Records from a collection:
=== Section Start ===

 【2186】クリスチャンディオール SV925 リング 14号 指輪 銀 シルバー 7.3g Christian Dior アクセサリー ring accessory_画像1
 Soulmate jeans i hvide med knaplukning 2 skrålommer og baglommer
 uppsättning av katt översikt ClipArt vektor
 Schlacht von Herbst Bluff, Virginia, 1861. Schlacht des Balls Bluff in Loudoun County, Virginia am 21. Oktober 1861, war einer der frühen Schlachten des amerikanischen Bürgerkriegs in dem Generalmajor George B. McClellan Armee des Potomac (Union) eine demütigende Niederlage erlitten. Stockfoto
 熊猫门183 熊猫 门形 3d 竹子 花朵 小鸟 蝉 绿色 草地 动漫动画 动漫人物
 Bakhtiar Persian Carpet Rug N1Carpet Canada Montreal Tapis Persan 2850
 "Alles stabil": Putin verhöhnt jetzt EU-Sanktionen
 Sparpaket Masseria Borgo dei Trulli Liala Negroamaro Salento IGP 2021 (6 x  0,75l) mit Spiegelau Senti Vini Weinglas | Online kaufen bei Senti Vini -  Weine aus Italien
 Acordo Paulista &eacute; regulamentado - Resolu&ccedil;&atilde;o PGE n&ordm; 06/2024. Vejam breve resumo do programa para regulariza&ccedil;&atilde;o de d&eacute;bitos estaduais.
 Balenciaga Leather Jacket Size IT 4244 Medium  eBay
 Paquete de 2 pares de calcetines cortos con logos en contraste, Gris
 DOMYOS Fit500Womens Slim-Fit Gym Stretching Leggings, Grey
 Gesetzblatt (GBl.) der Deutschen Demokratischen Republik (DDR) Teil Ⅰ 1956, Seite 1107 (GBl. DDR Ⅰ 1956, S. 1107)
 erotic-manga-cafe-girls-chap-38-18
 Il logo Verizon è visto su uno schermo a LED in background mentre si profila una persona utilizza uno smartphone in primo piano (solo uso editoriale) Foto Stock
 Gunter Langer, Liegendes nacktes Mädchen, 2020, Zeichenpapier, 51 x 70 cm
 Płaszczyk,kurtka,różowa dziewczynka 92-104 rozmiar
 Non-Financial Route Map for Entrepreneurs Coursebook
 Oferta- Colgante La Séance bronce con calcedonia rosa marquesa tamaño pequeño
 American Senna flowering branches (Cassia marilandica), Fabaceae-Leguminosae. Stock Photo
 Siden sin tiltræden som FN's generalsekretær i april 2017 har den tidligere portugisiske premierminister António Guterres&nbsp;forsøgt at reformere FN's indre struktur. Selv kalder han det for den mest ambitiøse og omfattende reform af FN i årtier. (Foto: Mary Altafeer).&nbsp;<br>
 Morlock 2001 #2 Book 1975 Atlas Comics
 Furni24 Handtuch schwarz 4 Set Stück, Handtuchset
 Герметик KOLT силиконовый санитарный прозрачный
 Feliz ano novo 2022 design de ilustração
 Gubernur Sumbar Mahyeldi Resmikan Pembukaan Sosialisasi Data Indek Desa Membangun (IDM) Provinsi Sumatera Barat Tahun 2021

=== Section End ===

About this exercise. From the records above, print exactly the lines that run from the line with "Oferta- Colgante La" to the line with "American Senna flowering", inclusive.

Written reply.
 Oferta- Colgante La Séance bronce con calcedonia rosa marquesa tamaño pequeño
 American Senna flowering branches (Cassia marilandica), Fabaceae-Leguminosae. Stock Photo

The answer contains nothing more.